The Mux Robots API uses AI to extract structured data from your videos. Instead of integrating third-party AI services, managing async job queues, handling retries and failures, and writing custom glue code to tie it all together, you can send a single API request with an asset ID and get results back directly.
The Robots API is our recommended, batteries-included approach for adding AI to your video workflows — it handles model selection, prompting, retries, and webhook delivery so you can focus on using the results.
Need more control?
If you want to build your own AI workflows from lower-level primitives (transcripts, embeddings, custom prompts, your choice of LLM provider), check out @mux/ai — our open-source TypeScript SDK. It's a great fit when you need to customize the pipeline beyond what the Robots API exposes.
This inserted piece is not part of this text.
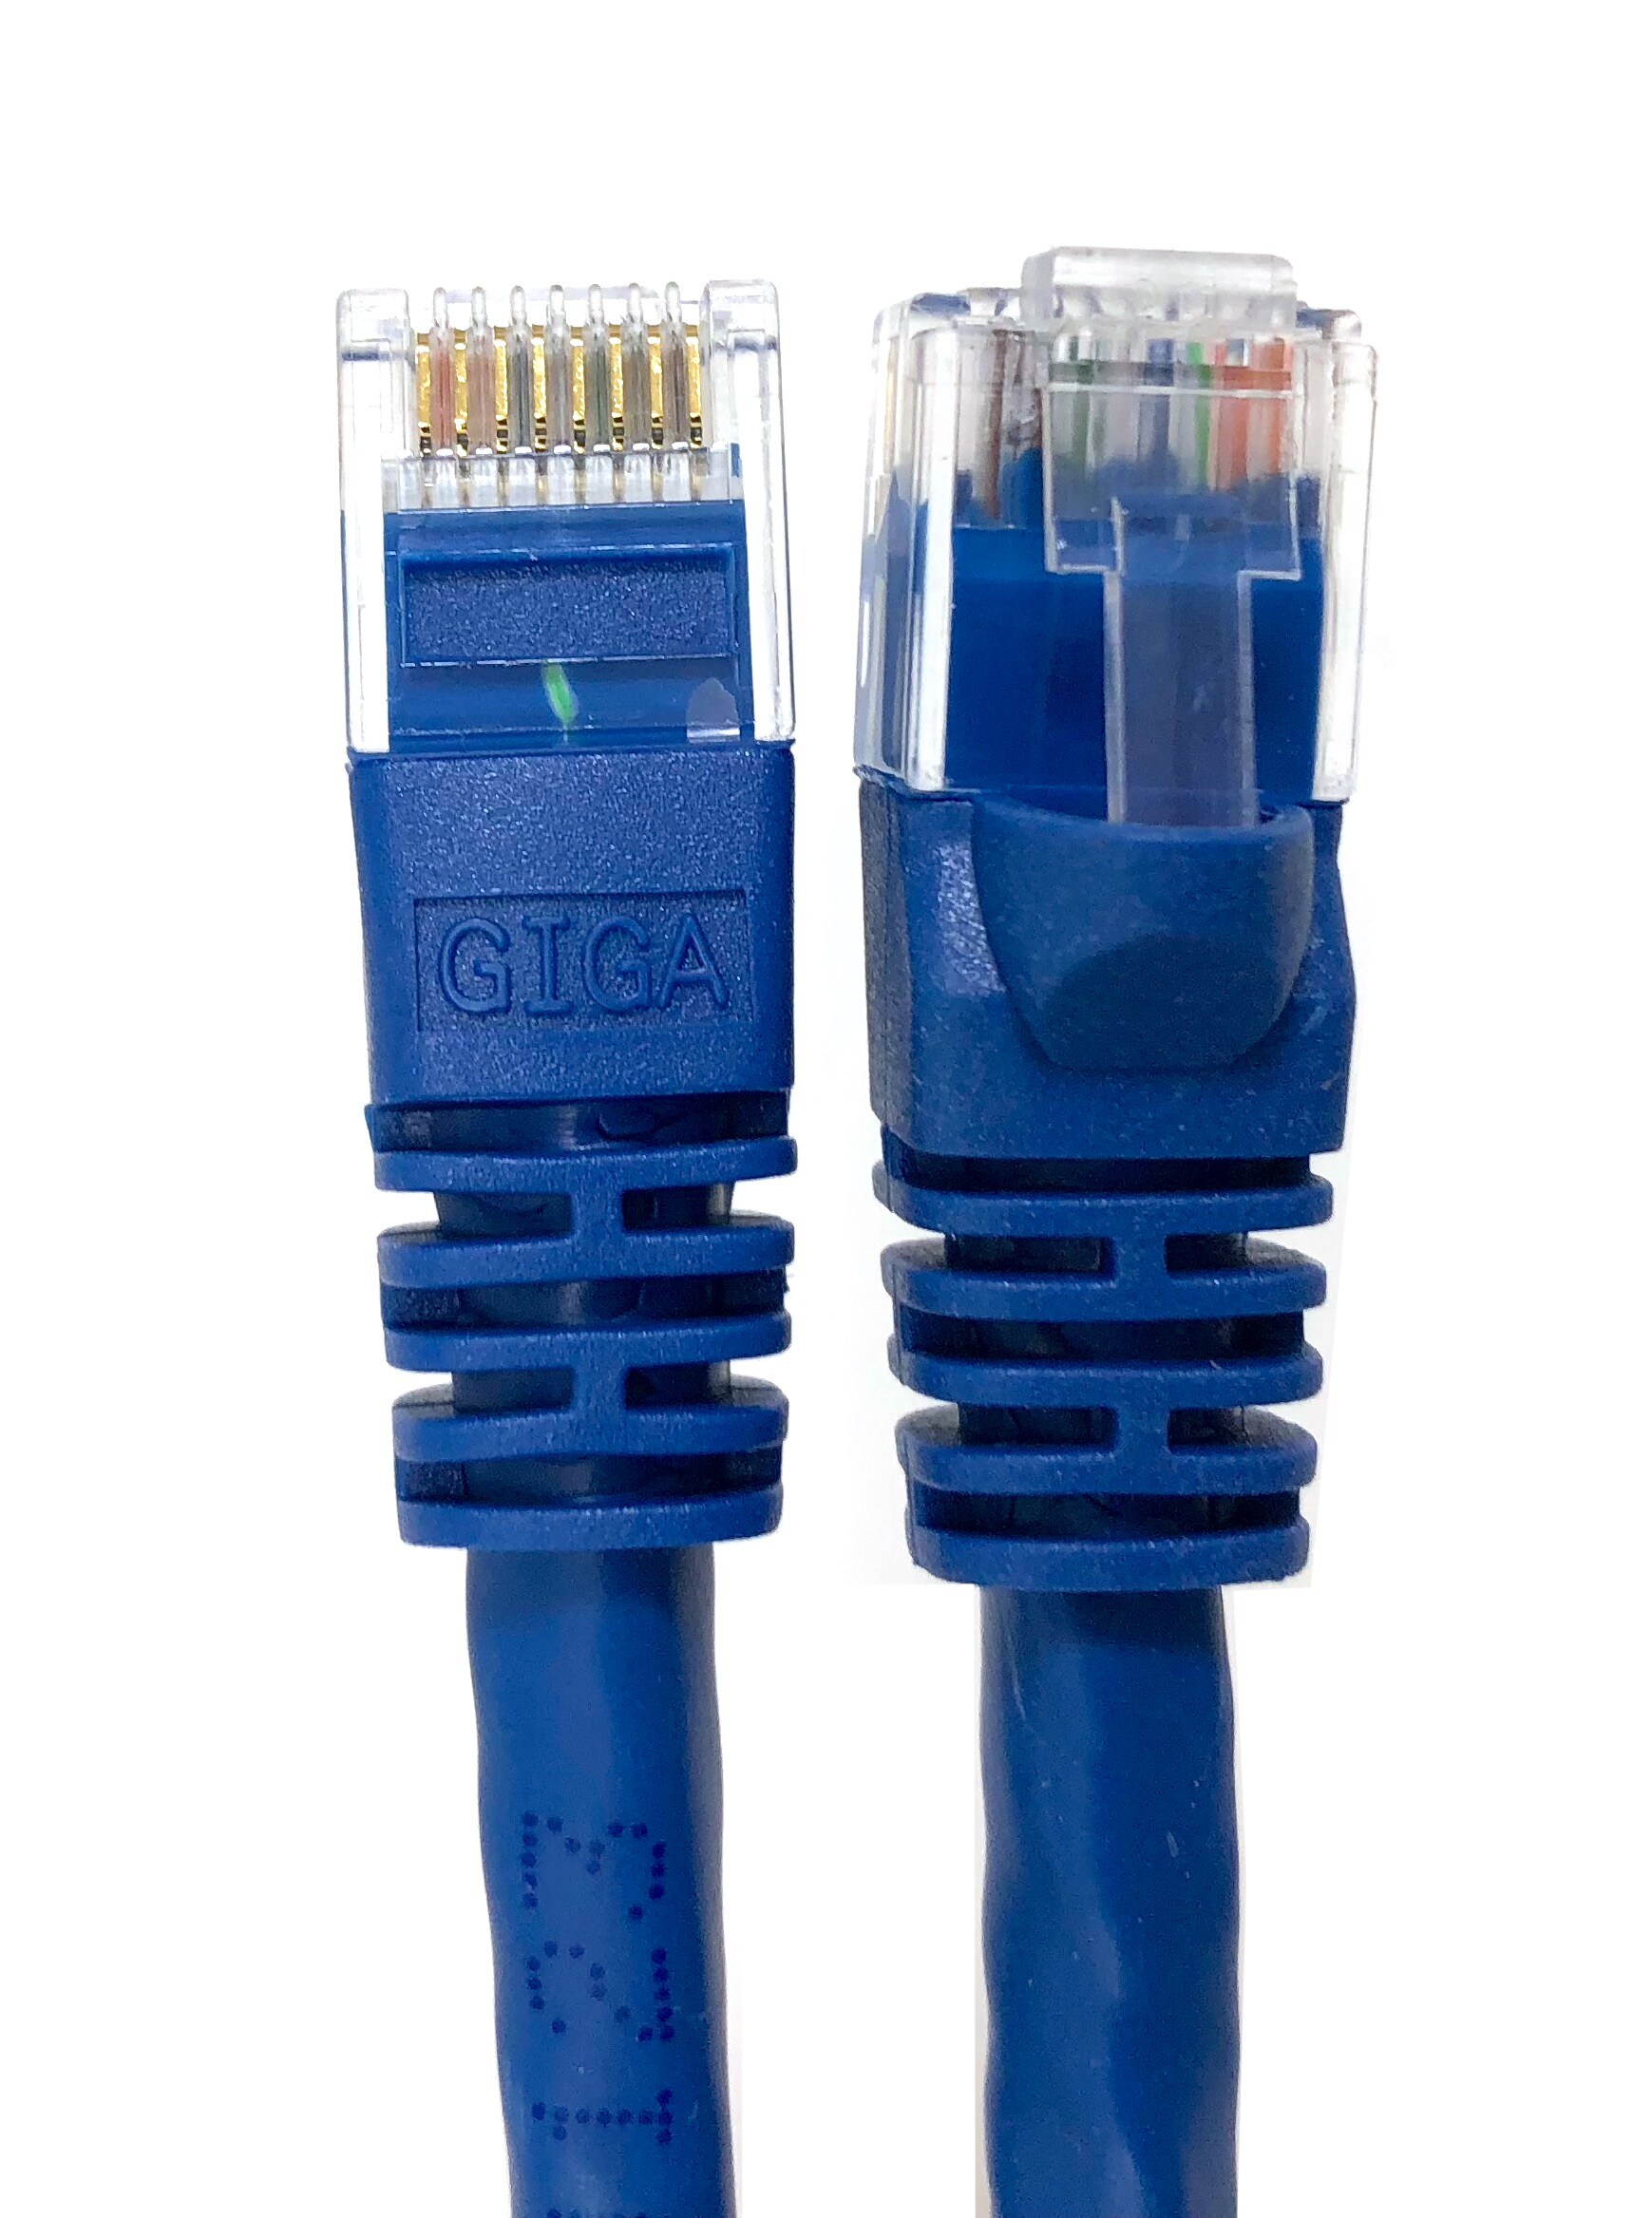 noir 5 pièces Patch pour le switch modem câble de Patch 0,5m Câble Réseau RJ45 10 / 100 / 1000 Mo/s compatible avec CAT 5 / CAT 6a / CAT 7 CAT6 Câble Ethernet Set 250 MHz LAN Câble |CAT 6 routeur

| Workflow | Description |
|---|---|
| Summarize | Generate a title, description, and tags for a video |
| Moderate | Analyze a video for inappropriate content |
| Generate chapters | Create timestamped chapters from video content |
| Ask questions | Ask questions about a video and get structured answers |
| Find key moments | Identify the most compelling moments in a video |
| Translate captions | Translate existing captions to another language |
The Robots API is organized around jobs. A job represents a single unit of work — one row from the table above. Each type of work is called a workflow.
The general pattern is:
pending → processing → completed (or errored). A job can also be cancelled via the cancel endpoint. We strongly encourage using webhooks for status changes, but jobs can also be retrieved through the GET /robots/v0/jobs/{workflow}/{JOB_ID} endpoint.outputs field once the status is completed.Every status change fires a webhook event. This lets you react to completed jobs without polling. The event type follows the pattern robots.job.{workflow}.{status}:
| Event type | Description |
|---|---|
robots.job.{workflow}.pending | Job was created and is waiting to be picked up. |
robots.job.{workflow}.processing | Job is actively running. |
robots.job.{workflow}.completed | Job finished successfully. The full job object, including outputs, is in event.data. |
robots.job.{workflow}.errored | Job failed. Check event.data.errors for details. |
robots.job.{workflow}.cancelled | Job was cancelled before it completed. |
For example, a completed moderation job sends a robots.job.moderate.completed event. A completed summarization job sends robots.job.summarize.completed.
Note that multi-word workflow names use underscores in event types (e.g. robots.job.ask_questions.completed, robots.job.find_key_moments.completed), even though the API endpoints use hyphens.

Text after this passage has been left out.